In recent years, global climate is becoming more extreme. The alternation of droughts and floods is intensifying, especially in the ecologically vulnerable mid-latitude regions. But what is driving this hydroclimate variability? Scientists have long debated the mechanism.

A research team led by Prof. LONG Hao from Nanjing Institute of Geography and Limnology, Chinese Academy of Sciences, drilled a 300.8-meter-long lacustrine sediment core in the Datong Basin, Shanxi, located in mid-latitude East Asia (Northern China).

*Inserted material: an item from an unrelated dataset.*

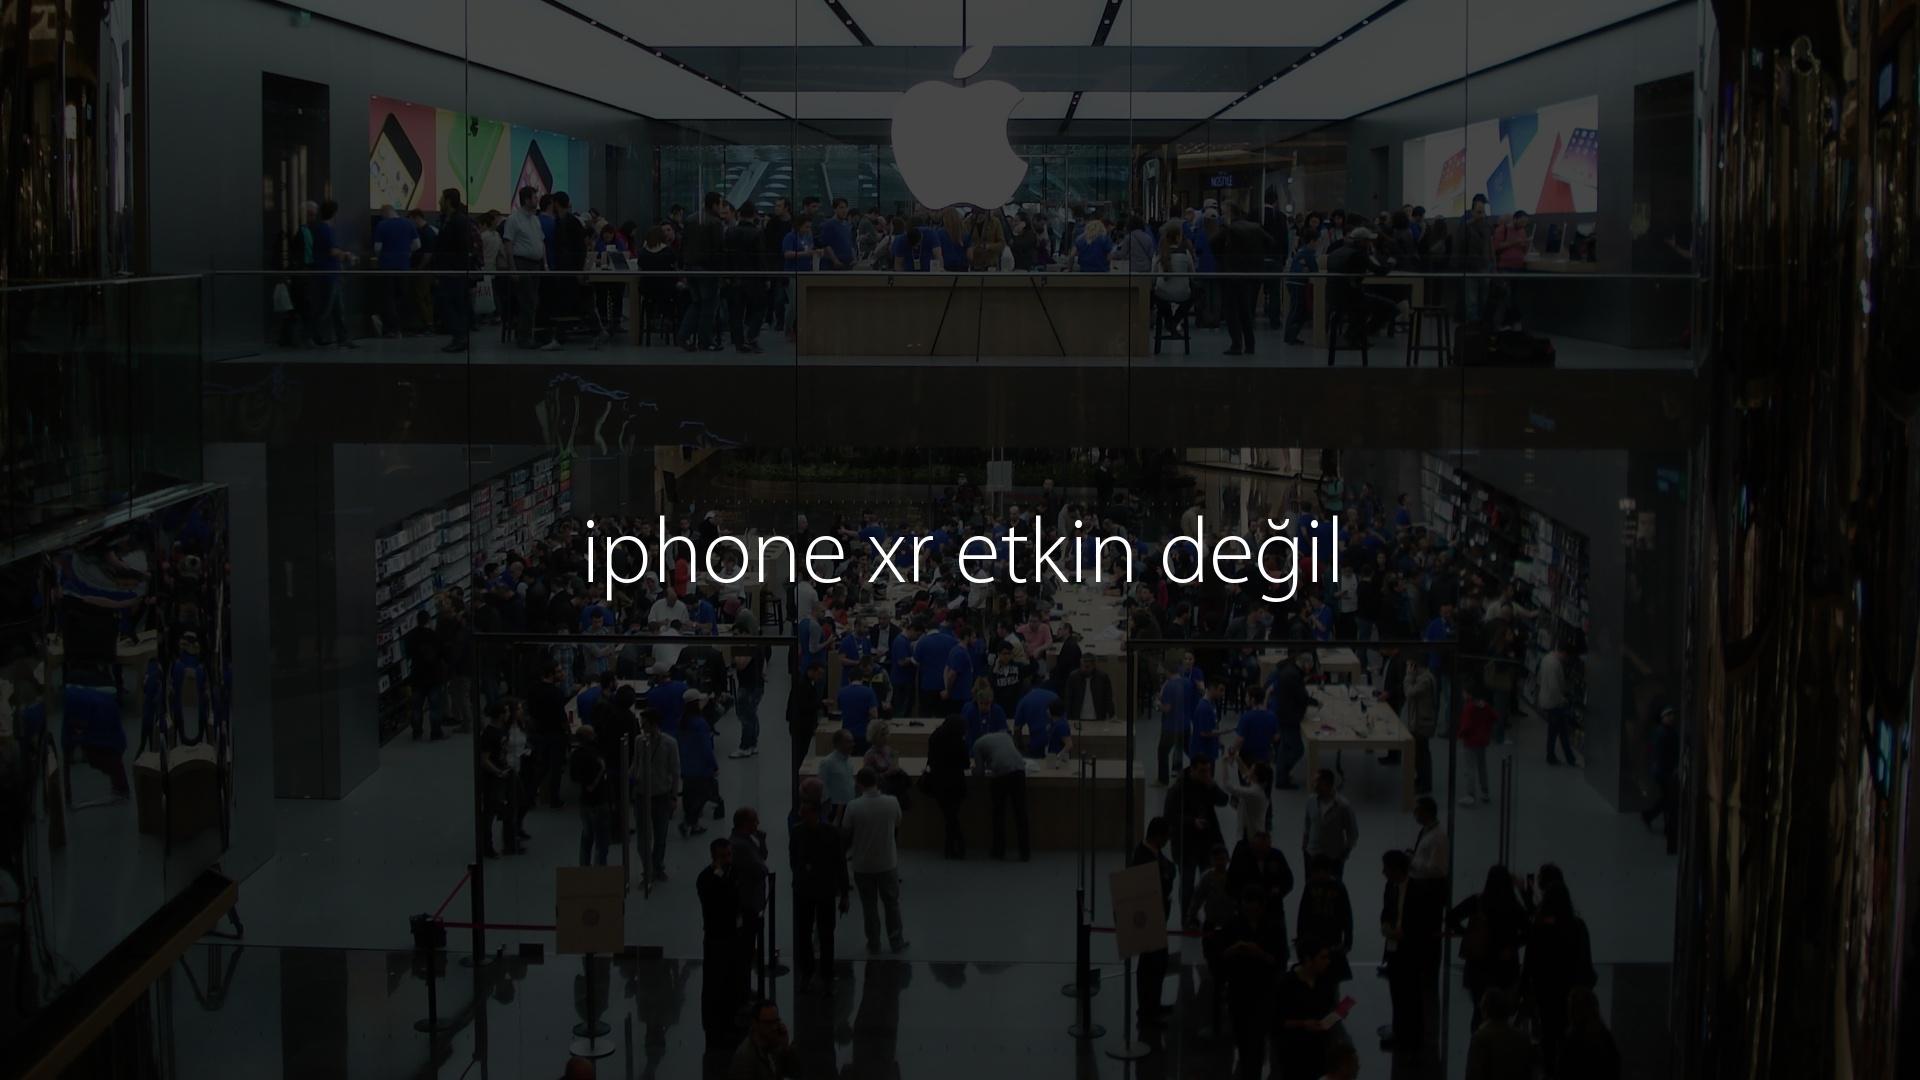 iphone xr etkin değil

By tracing over 5.7 million years of Earth's history, researchers revealed that the "waviness" of the Westerly Jet Stream is the primary driver behind mid-latitude climate variability. The study was published in Nature Communications recently.   

This core is like a detailed "climate archive" documenting precipitation changes over the past approximately 5.7 million years (spanning the Pliocene and Pleistocene epochs). By analyzing chemical indicators within the core, scientists obtained a high-resolution record of ancient precipitation.

First, during the warm period before around 3 million years ago (the Pliocene), the precipitation variability in mid-latitude regions was significantly higher than during the subsequent Pleistocene epoch (the Ice Age era). Scientists attribute this drastic climate fluctuation to enhanced Westerly Jet waviness. Further idealized sensitivity simulations indicated that the force driving the Westerly Jet to become "wavy" was Arctic warming.

When the Arctic is cold, the polar vortex is strong, and the Westerly Jet remains stable and straight. Cold air is effectively contained in the north, and the mid-latitude climate is relatively stable.

When the Arctic warms, the polar vortex weakens, causing the Westerly Jet to become "sinuous". This fluctuation allows cold and warm air masses to frequently intermingle and penetrate north and south, leading to more frequent extreme wet and dry events in the mid-latitudes, and thus amplifying hydroclimate variability.

Also, the study ruled out atmospheric carbon dioxide (CO₂) concentration as the dominant driver of this variability, confirming that Westerly Jet waviness is the key factor.

“This study, based on ancient climate records, is crucial for our understanding of future climate change.” said by Prof. LONG Hao. “Given that future global warming is projected to lead to increased Westerly Jet waviness, it is reasonable to predict that mid-latitude regions will face more frequent hydroclimate extreme events, such as severe droughts and floods.”